Возле книжного магазина толпились люди. И это меня удивило. Я понятия не имел, что еще бывают очереди за книжками. Или свершилось чудо? И на землю спустился гений? И нашей земле пришелся кстати? И даже людям?… Но я поторопился составить доброе мнение о читающей публике.
Они действительно толпились у книжного магазина, что-то горячо обсуждая и агрессивно размахивая руками. Внезапно по чьему-то истеричному зову все одновременно задрали головы вверх. С неба спускался гений. Я по-прежнему плохо видел его лицо, лихорадочно нащупывал очки в кармане, сумке, но безуспешно. Я щурился, но гениальное лицо так и не мог узреть. Внезапно лицо гения стало двоиться, троиться, четвериться… Лиц стало много и они все ниже и ниже, плавно и обреченно опускались на нашу грешную землю, словно делая одолжение.
Наконец без очков смог разглядеть воздушные шары с изображением лица гения. Но лица по-прежнему не мог видеть отчетливо.
— Кто это? — крикнул я.
— Вы что! С Луны свалились! — какой-то длинноволосый верзила готов был влепить мне оплеуху за мою безграмотность.
— Похоже, с луны свалился не я, а он, — я кивнул на плавно танцующие в воздухе физиономии гения.
— Да это… Это… — возмущаясь затараторила стриженая остроносая дама в очках. — И как это можно не знать! Это талантище, умница! Такую гениальную книжку написал!
Похоже, фамилию талантища она все же забыла или вообще не знала.
Возле меня запрыгали какие-то лохматые медведи, зайчики и микки маусы.

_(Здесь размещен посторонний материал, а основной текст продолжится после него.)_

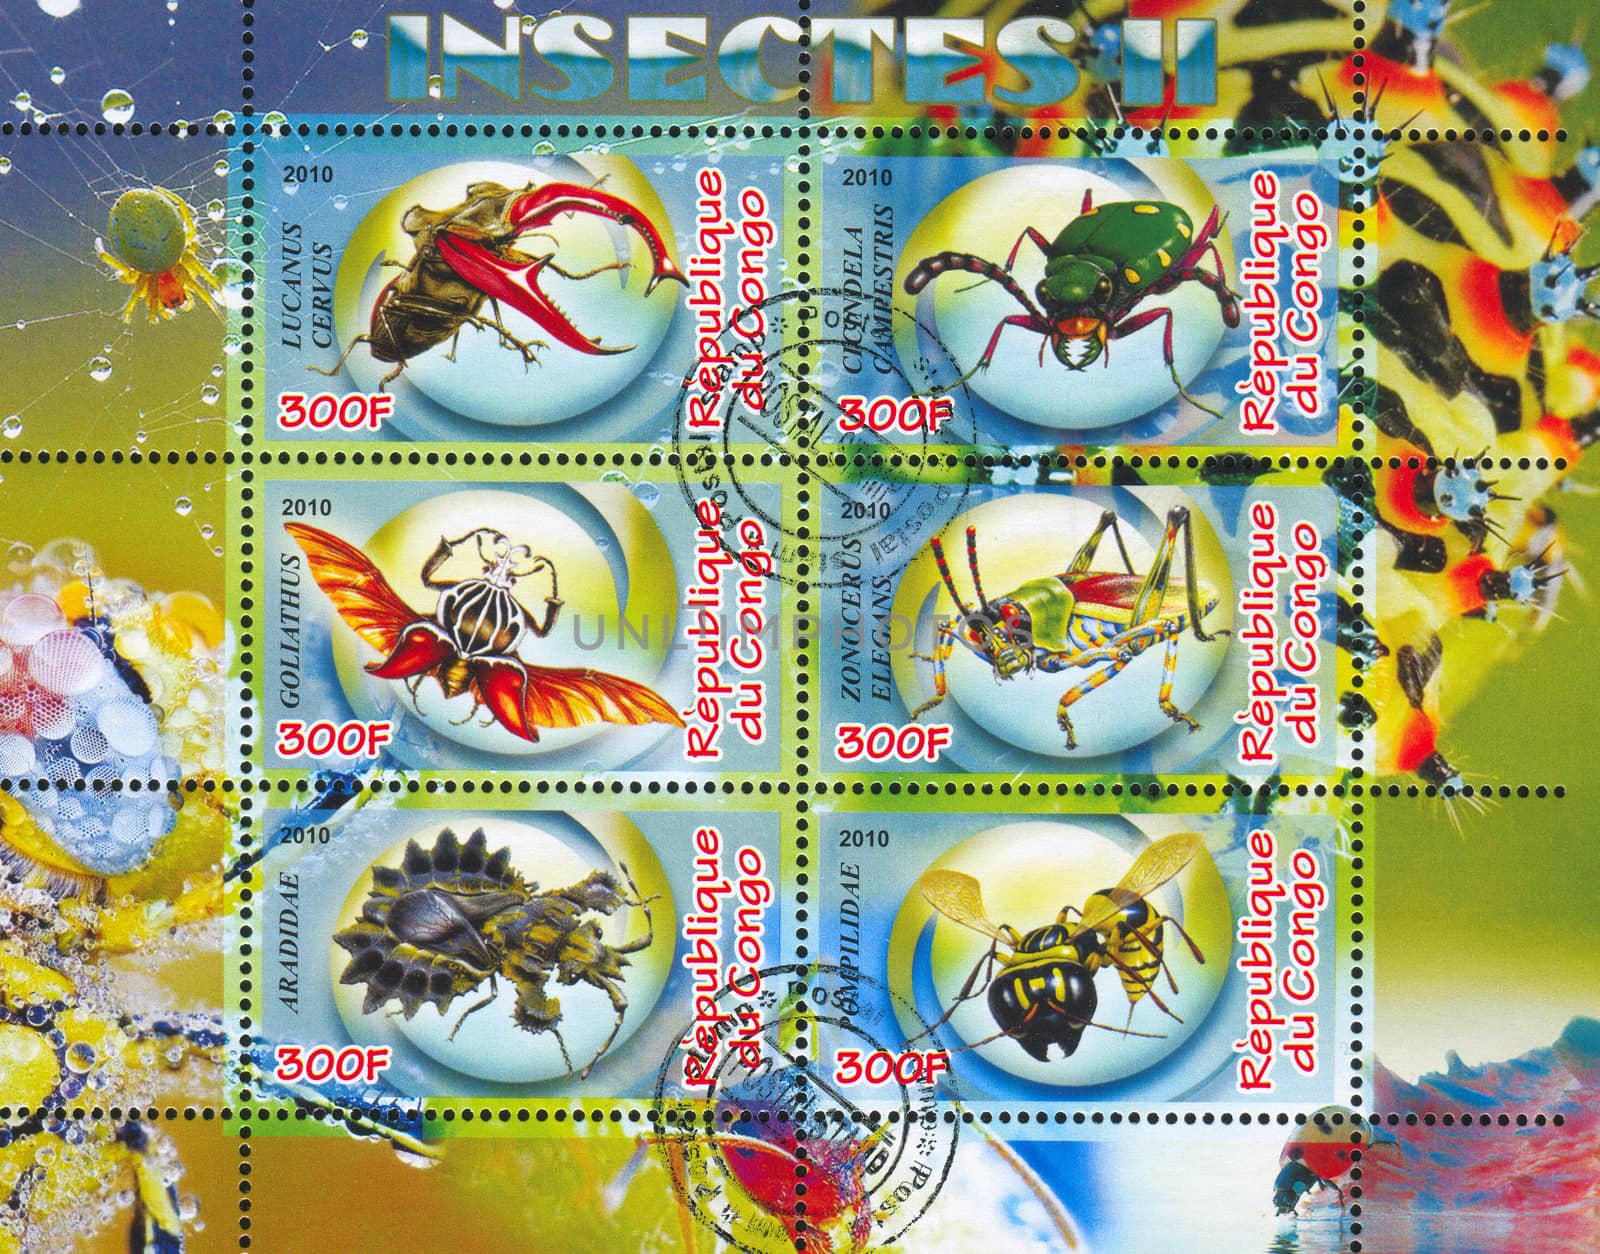 CONGO - CIRCA 2010: stamp printed by Congo, shows insects, circa 2010

— Купите гениальную книжку! Купите шедевр века! — они навязчиво хватали меня за руки.
— Сам автор имеет честь дать сегодня вам автограф! — хрюкнула свинья и уже бесцеремонно потащила меня к входу книжного магазина.
Фамилию гения я так и не узнал. Но подозревал, что это все же не Вересаев. И не потому, что Вересаев был уже далече. Сегодня было возможно все. Просто я был уверен, что таких денег на рекламную компанию у него бы попросту не хватило. Да и со вкусом у него все было в порядке. Но я, опять же, оказался просто младенцем по сравнению с возможностями рекламы.
Свинья ловко втиснула меня через двери магазина и буквально поставила в очередь. Я обреченно вздохнул, по-прежнему утешая себя мыслью, что сегодня смогу купить Вересаева. Но стоять час в этом сумасшедшем доме все же не собирался. И решил попробовать без очереди. В конце концов я же хотел купить не сверхгения, а скромного Вересаева. Но и сумасшедший дом оказался здравницей по сравнению с исполнением моих желаний.
— Извините, — промямлил я, стараясь выглядеть интеллигентно, и от волнения даже нашел свои очки.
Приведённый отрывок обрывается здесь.